Refined Rustic


French country meets comfortable, calm and sophisticated in this renovated home

by Vicki Johnson Photography by Beau Gustafson

When deciding on a style, Faith was leaning toward French. “I would say sort of French country is probably the best way to describe this, although it’s very much a hybrid,” Chip says.

Architect Chip Gardner and his wife, Faith, were on the market looking for homes to renovate and resell when they fell in love with one and decided to keep it for themselves.

“It was just a very nondescript little white masonry house that I drove by hundreds of times and never really noticed,” Chip says.

“The biggest draw was the lot. In Crestline, you are so on top of each other, and this gives us so much more privacy,” Faith says.

The couple sold their other house in Crestline and were able to rent the house next door to their new purchase when they started construction about 18 months later. Renovations took a full year to complete, and the family finally moved into the house in July 2011.

Although most of the lower level was part of the existing house, old portions are unrecognizable now, as the flow was reworked to convert the three bedrooms downstairs into one master bedroom suite with separate “his and her” bathrooms. A kid’s playroom plus a family den area, dining room, living room and kitchen complete the first floor. In total, the house jumped from 2400 square feet to roughly 4300 square feet after renovation and additions.

“A lot of existing house was left,” Chip says. However, a second story was added to house the kid’s bedrooms, bathrooms and Chip’s study and to give the family more separation and privacy.

“One of the decisions to leave so much of the old house was that it’s really well built, so we decided to work with it,” Chip says.

“One of the decisions to leave so much of the old house was that it’s really well built, so we decided to work with it,” Chip says. They used terra cotta tiles from an old federal building for the roof, and all the stonework around the house was salvaged from the unusually large slabs that formed the patios of the old house to create a nice feature on the new property.

“So it’s definitely a taste of sort of taking what the house gave us to decide the design of the house,” he explains.

Chip Gardner, a practicing architect for 25 years, started his own company, Gardner Architects LLC, 12 years ago. The company has done a mix of commercial and residential work, including many European (English and French style) homes in Mountain Brook. Designing and creating their own house was especially exciting and challenging for the couple.

“The biggest thing is that it had to be kid friendly,” Faith says. “We have lots of company, and we just wanted it to be an easy and fun place for the kids to hang out. I don’t think there is anything in this house that the kids can’t screw up, and that’s really one of the good things about having lots of antique pieces is that they are already dinged up.”

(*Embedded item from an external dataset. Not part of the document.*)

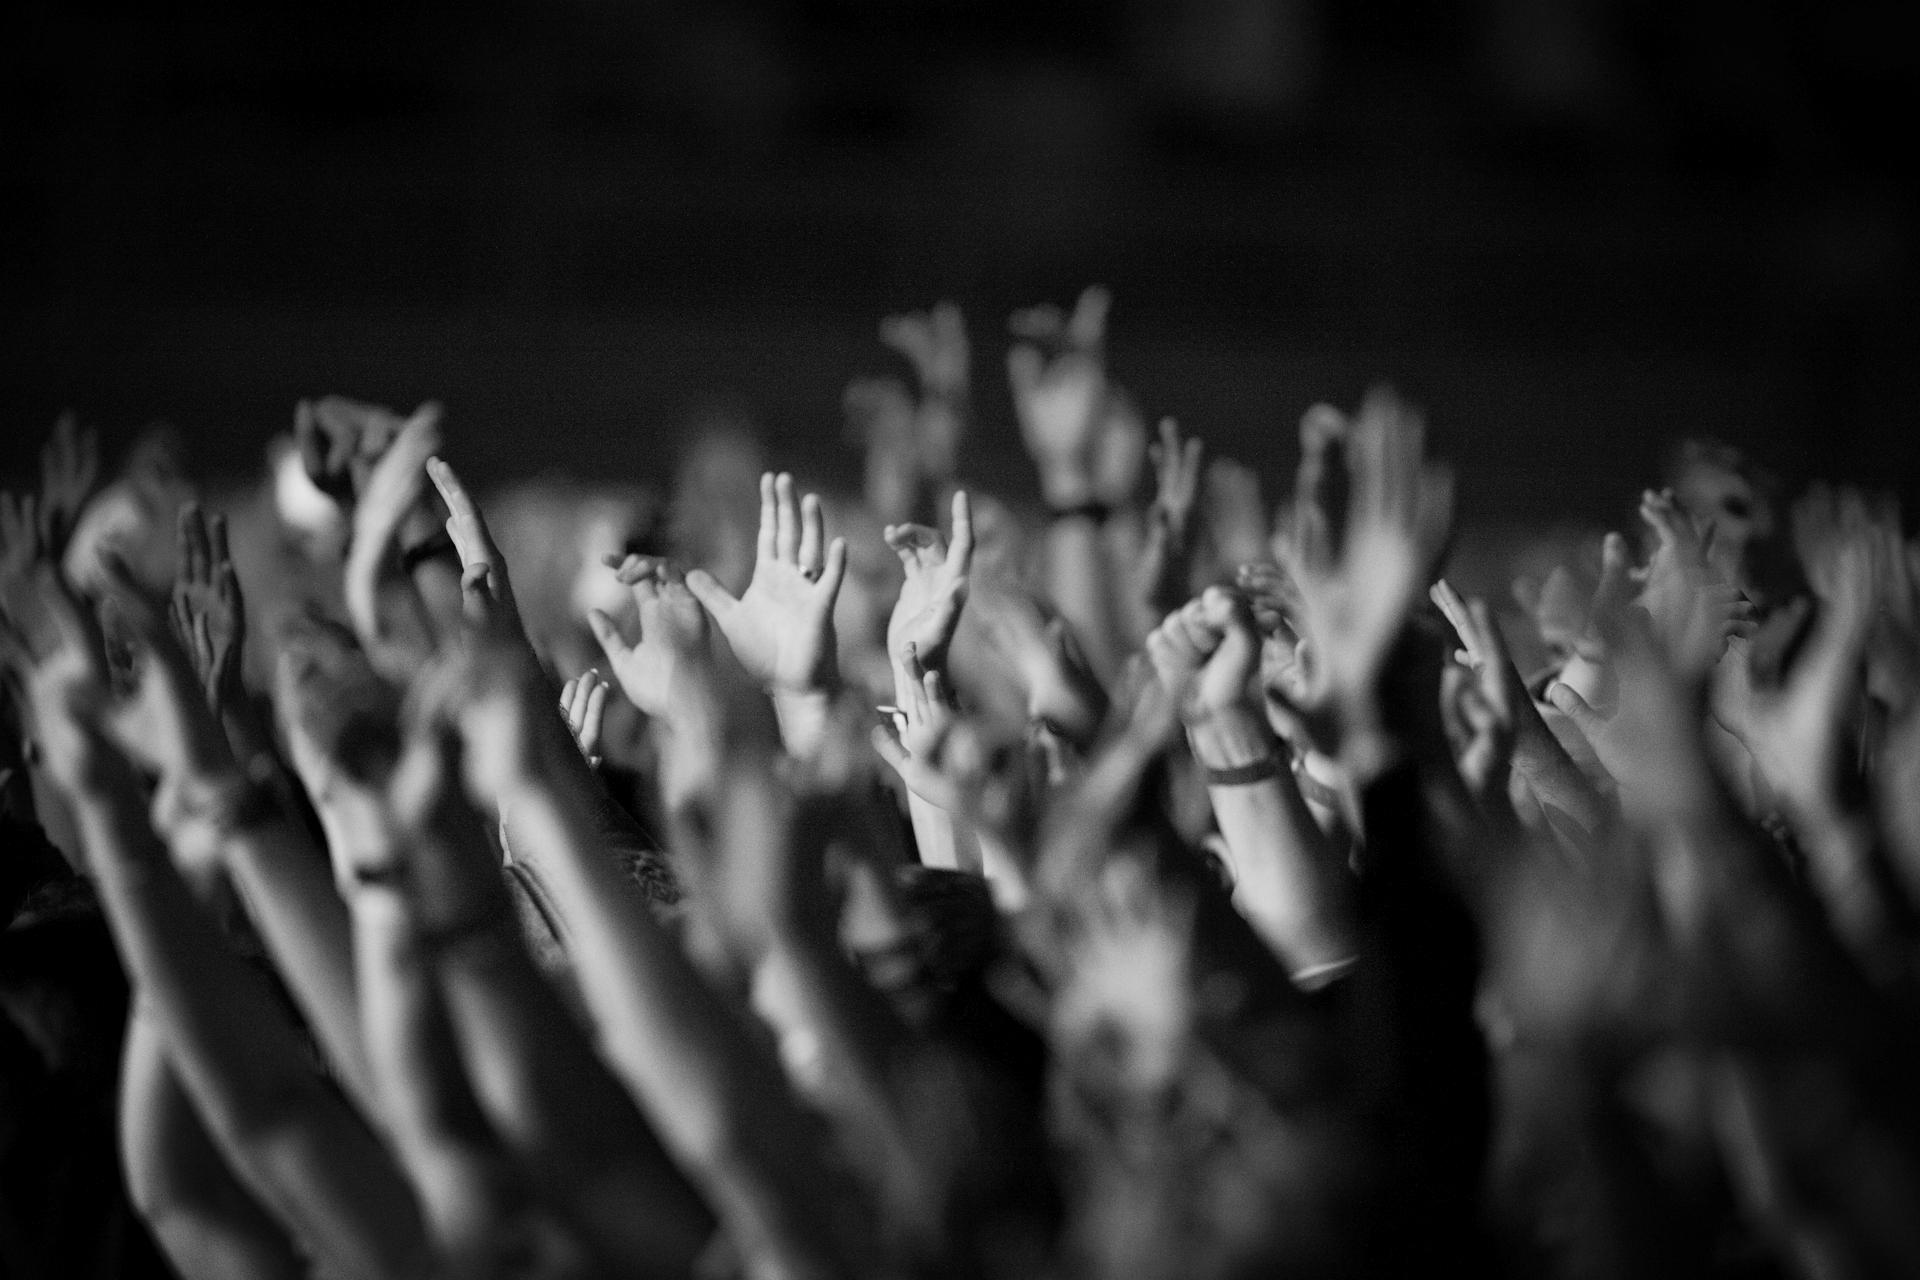 worship_hands.jpg

When deciding on a style, Faith was leaning toward French. “I would say sort of French country is probably the best way to describe this, although it’s very much a hybrid,” Chip says.

The attention to detail is what makes this house special, and although the style is mainly French, it also has a loose interpretation of English elements. Throughout the kitchen and den are beautiful pieces of painted white wood that give the house a rustic feel, and in many cases, aging techniques were applied to give some of the materials an old feel and patina. All the beams and columns in the den are hand-hewn hemlock, and several rooms contain heart pine salvaged from old homes and barns. The fireplace in the den is a custom design that Chip himself cast by hand.

In the kitchen, the floor is done in handmade French terra cotta tiles, and the backsplash is made of tumbled travertine that has small pieces of antique black terra cotta encaustic tiles from England inserted into the design.

As far as the layout, Faith wanted a more traditional floor plan as opposed to an open-concept living space. “I would say the kitchen, den and dining room are important to us,” she says. “I think those three rooms are the heart of the house for probably most families and definitely for us.”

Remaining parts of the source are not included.